이를 기반으로 PowerAI에 포함된 tensorflow를 설치한 docker image를 build 합니다. 먼저 dockerfile을 다음과 같이 만듭니다.
root@sys-87548:/home/u0017496# vi dockerfile.tensorflow
FROM bsyu/cuda8-cudnn5-devel:cudnn5-devel
RUN apt-get update && apt-get install -y nvidia-modprobe
RUN mkdir /tmp/temp
COPY libcudnn5* /tmp/temp/
COPY cuda-repo* /tmp/temp/
COPY mldl-repo* /tmp/temp/
RUN dpkg -i /tmp/temp/cuda-repo*deb && \
dpkg -i /tmp/temp/libcudnn5*deb && \
dpkg -i /tmp/temp/mldl-repo*deb && \
rm -rf /tmp/temp && \
apt-get update && apt-get install -y tensorflow && \
rm -rf /var/lib/apt/lists/* && \
dpkg -r mldl-repo-local
# set the working directory
WORKDIR /opt/DL/caffe-nv/bin
ENV LD_LIBRARY_PATH="/usr/local/nvidia/lib64:/usr/local/cuda-8.0/targets/ppc64le-linux/lib/stubs:/usr/lib/powerpc64le-linux-gnu/stubs:/usr/lib/powerpc64le-linux-gnu:/usr/local/cuda-8.0/lib64:/usr/local/cuda-8.0/extras/CUPTI/lib64:/opt/DL/tensorflow/lib:/usr/lib:/usr/local/lib"
ENV PATH="/opt/ibm/xlC/current/bin:/opt/ibm/xlf/current/bin:/opt/at10.0/bin:/usr/local/sbin:/usr/local/bin:/usr/sbin:/usr/bin:/sbin:/bin:/usr/games:/usr/local/games:/opt/DL/bazel/bin:/opt/DL/tensorflow/bin"
ENV PYTHONPATH="/opt/DL/tensorflow/lib/python2.7/site-packages"
CMD /bin/bash
이제 이 dockerfile을 기반으로 bsyu/tensor_r1.0:ppc64le-xenial의 docker image를 빌드합니다.
root@sys-87548:/home/u0017496# docker build -t bsyu/tensor_r1.0:ppc64le-xenial -f dockerfile.tensorflow .

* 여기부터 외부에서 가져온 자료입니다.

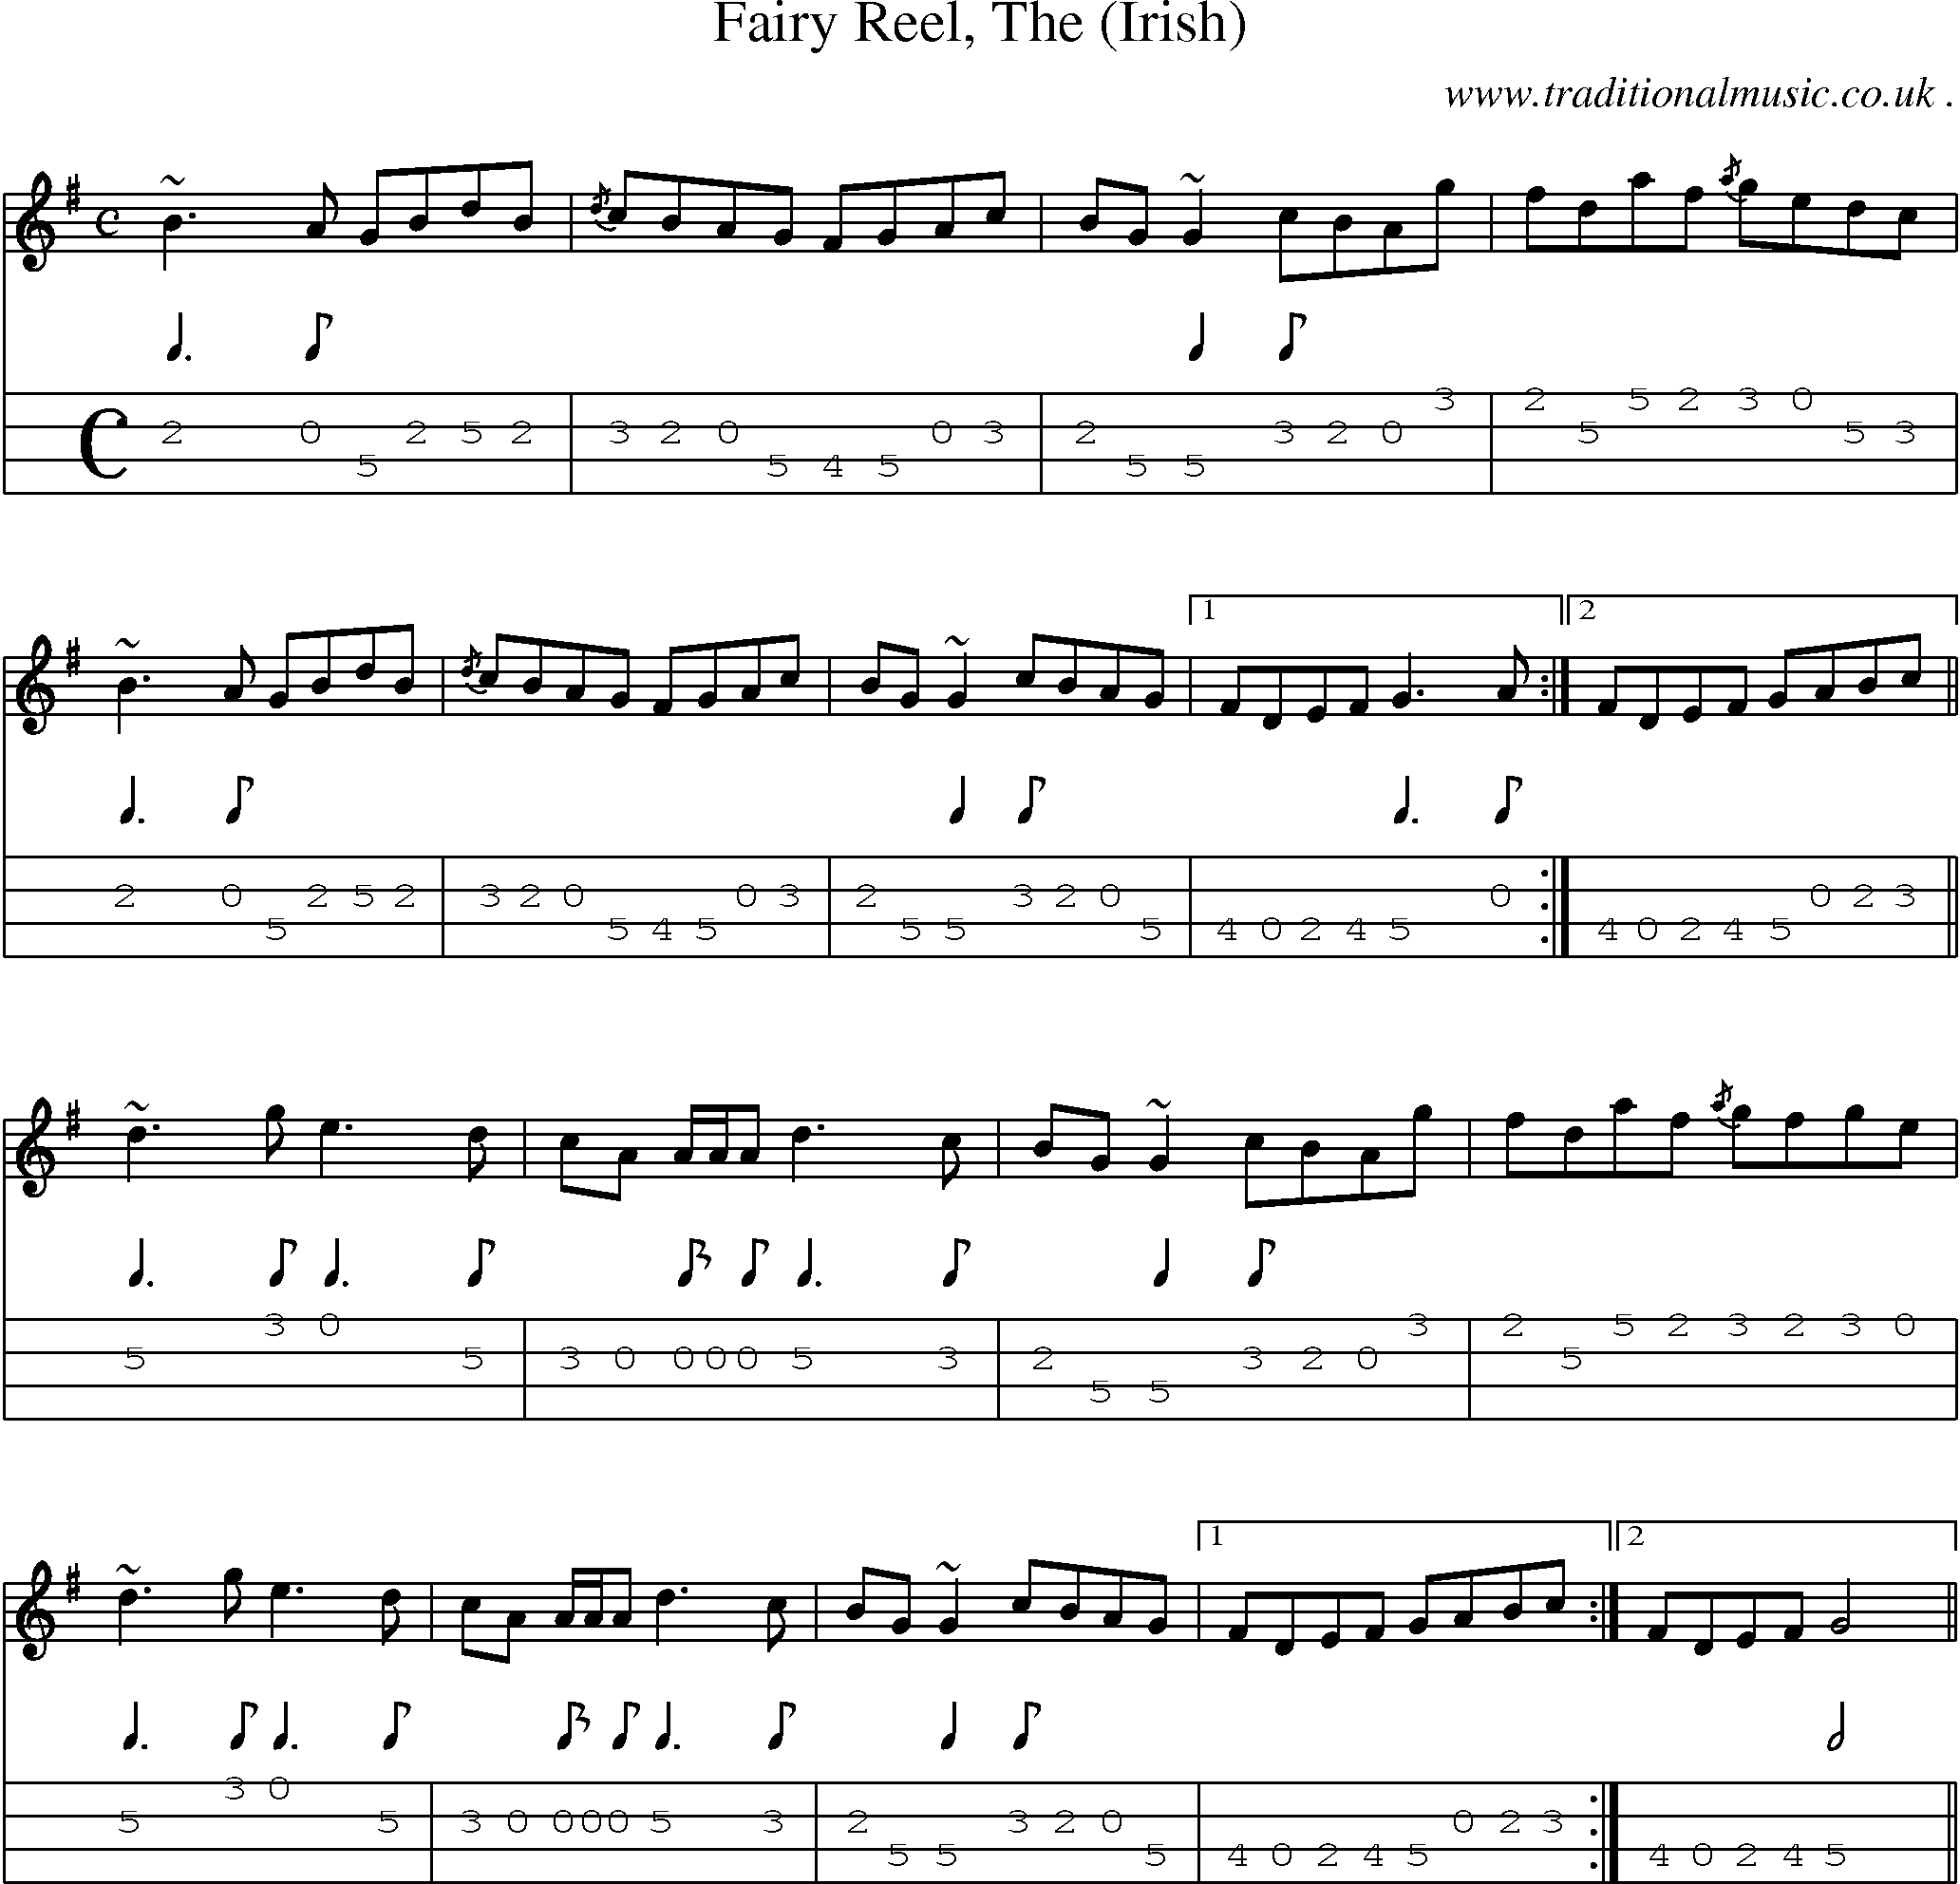 Sheet-music  score, Chords and Mandolin Tabs for Fairy Reel The Irish

Sending build context to Docker daemon 3.436 GB
Step 1 : FROM bsyu/cuda8-cudnn5-devel:cudnn5-devel
---> d8d0da2fbdf2
Step 2 : RUN apt-get update && apt-get install -y nvidia-modprobe
---> Running in 204fe4e2c5f6
Ign:1 http://developer.download.nvidia.com/compute/cuda/repos/ubuntu1604/ppc64el InRelease
Get:2 http://ports.ubuntu.com/ubuntu-ports xenial InRelease [247 kB]

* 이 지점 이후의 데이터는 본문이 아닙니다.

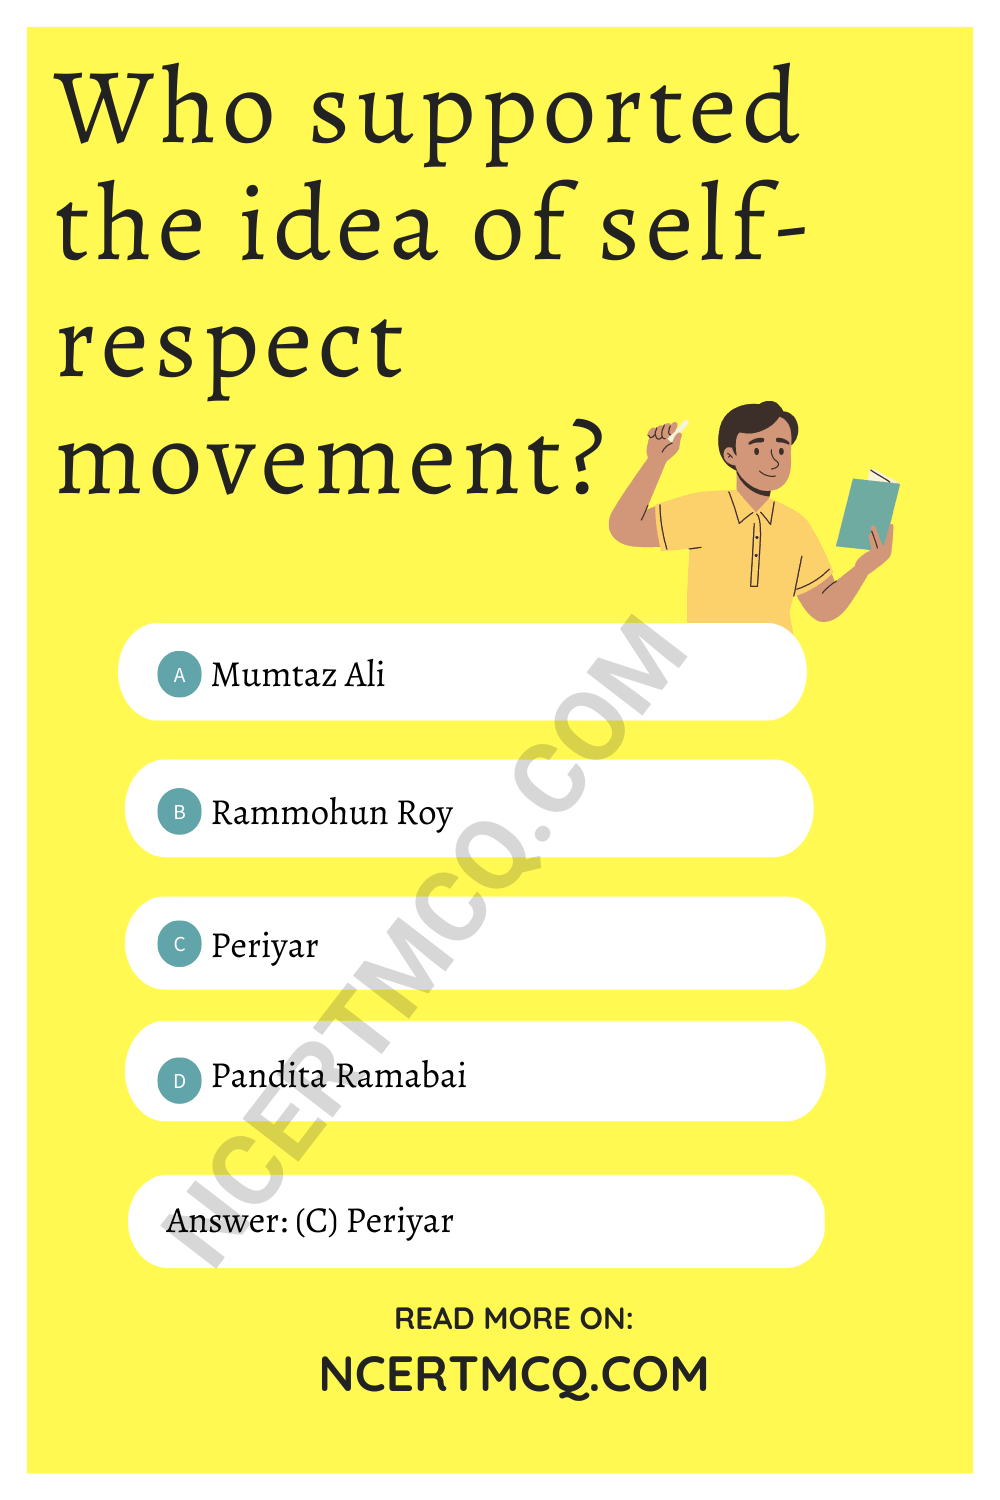 Who supported the idea of self-respect movement?

Get:3 http://developer.download.nvidia.com/compute/cuda/repos/ubuntu1604/ppc64el Release [565 B]
Get:4 http://developer.download.nvidia.com/compute/cuda/repos/ubuntu1604/ppc64el Release.gpg [819 B]
Get:5 http://developer.download.nvidia.com/compute/cuda/repos/ubuntu1604/ppc64el Packages [24.9 kB]
Get:6 http://ports.ubuntu.com/ubuntu-ports xenial-updates InRelease [102 kB]
Get:7 http://ports.ubuntu.com/ubuntu-ports xenial-security InRelease [102 kB]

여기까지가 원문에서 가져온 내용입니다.